President Biden wants 50 percent of all new cars sold in the United States by 2030 to be all-electric, plug-in hybrid or hydrogen-powered — a target he will set in an executive order later today, according to senior government officials. In addition, his administration will propose new fuel economy and emissions standards that will more or less erase the Trump administration’s rollback of previous Obama-era rules for cars made through 2025.

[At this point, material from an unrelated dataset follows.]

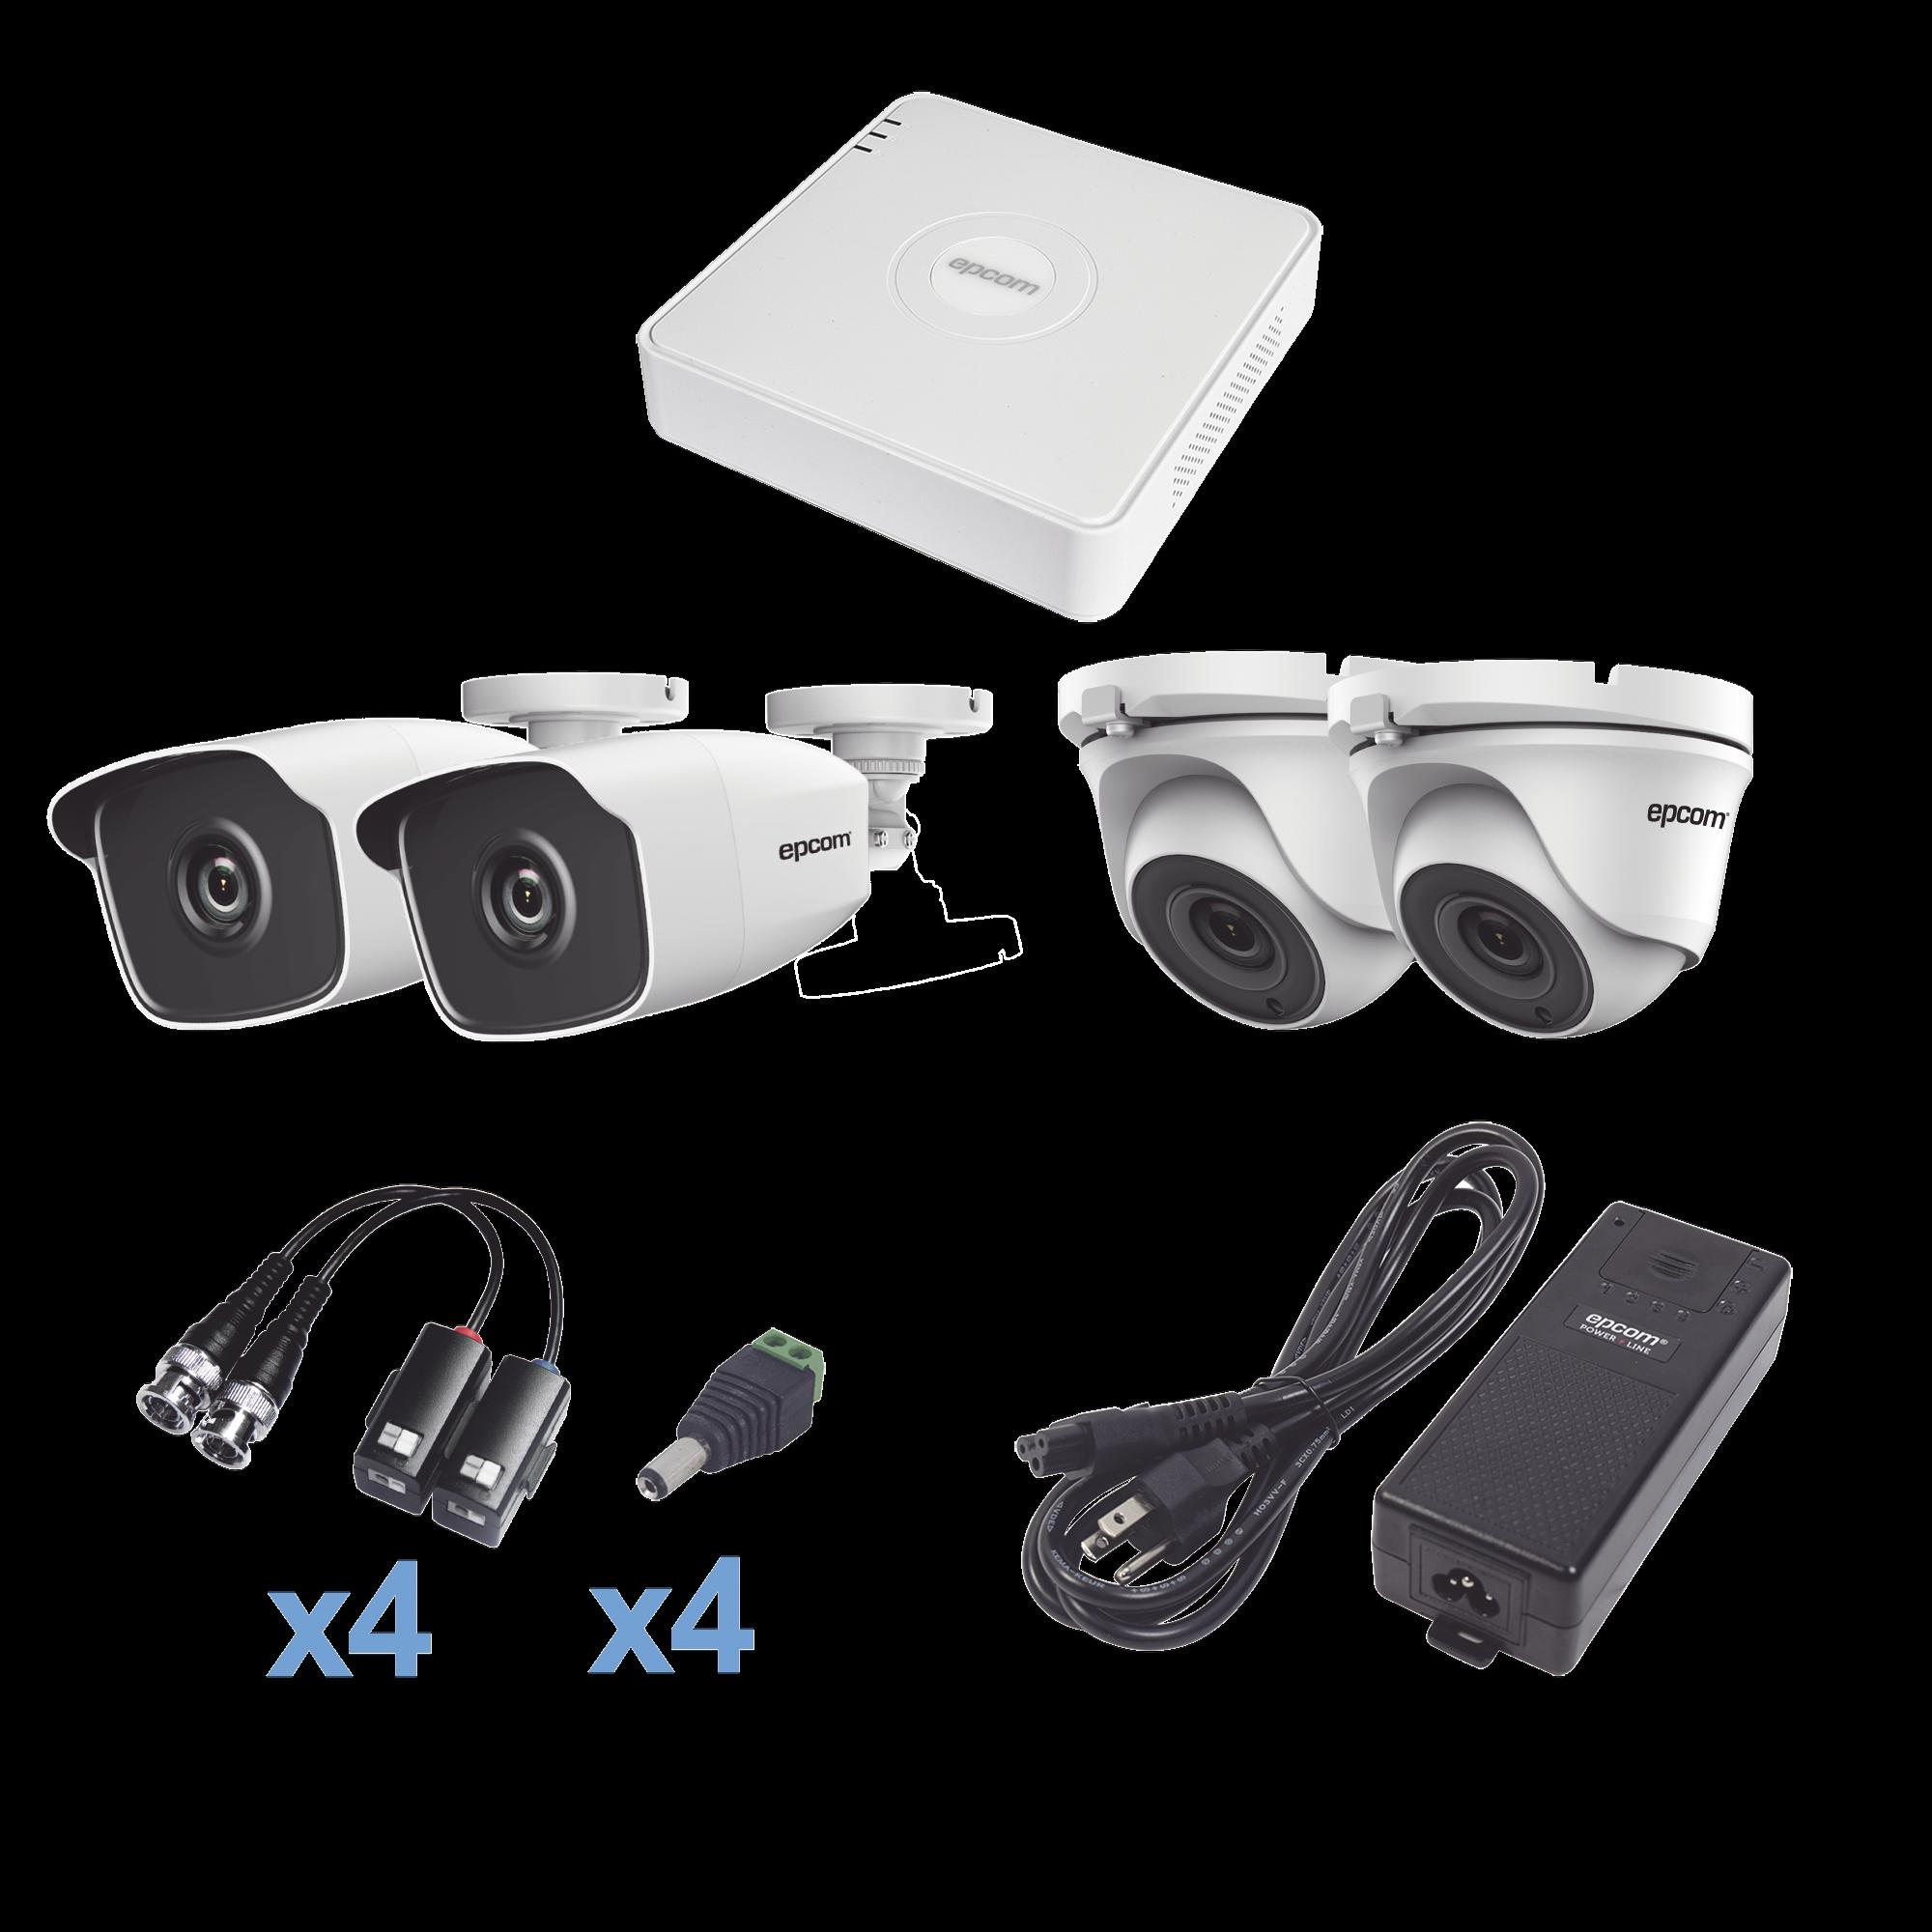 Sistema TURBOHD 720p / DVR 4 Canales / 2 Cámaras Bala (exterior 2.8 mm) / 2 Cámaras Eyeball (exterior 2.8 mm) / Transceptores / Conectores / Fuente de Poder Profesional

Biden will also sign an executive order directing the Environmental Protection Agency (EPA) and the National Highway Traffic Safety Administration (NHTSA) to develop aggressive long-term regulations to support its 2030 target, which will also include medium and heavy vehicles.
“When I say electric vehicles are the future, I’m not kidding,” read a tweet from the president on Wednesday night.
This planned shift from internal combustion engines is not as aggressive as the approaches that have been proposed or initiated around the world. The European Union has proposed a de facto ban on the sale of new gas passenger cars by 2035, although France has pushed back the phasing out of hybrids, which still use fossil fuels. The United Kingdom wants to stop selling new combustion engine vehicles by 2030. China wants all new cars sold by 2035 at least be hybrid, but aims for 50 percent to be plug-in hybrid, battery-electric or hydrogen-powered.
California, once the leader in state-level environmental regulations, also wants to ban new gas cars by 2035.
On the policy side, the NHTSA’s proposed rule will aim to capture average annual fuel savings of just under four percent, according to Reuters, and an ultimate fleet average of approximately 52 miles per gallon for 2026 model year vehicles. Under the Obama-era rule, automakers were required to increase the average fuel economy of their fleets by five percent each year, with the goal of hitting a fleet average of 54 miles per gallon in the 2026 model year cars. The Trump administration has drastically changed this. reduced — during a climate crisis and a respiratory virus pandemic no less — to annual increases of just 1.5 percent and a target average of 40 miles per gallon. It did this despite the fact that the EPA had previously determined that automakers were “overcompliance” with the Obama-era rule.
The EPA, meanwhile, will propose a rule requiring emission reductions consistent with proposed fuel economy benefits, since fuel economy and tailpipe emissions are intrinsically linked. The two rule proposals will now go through a months-long public comment process before the final rules are proposed and accepted.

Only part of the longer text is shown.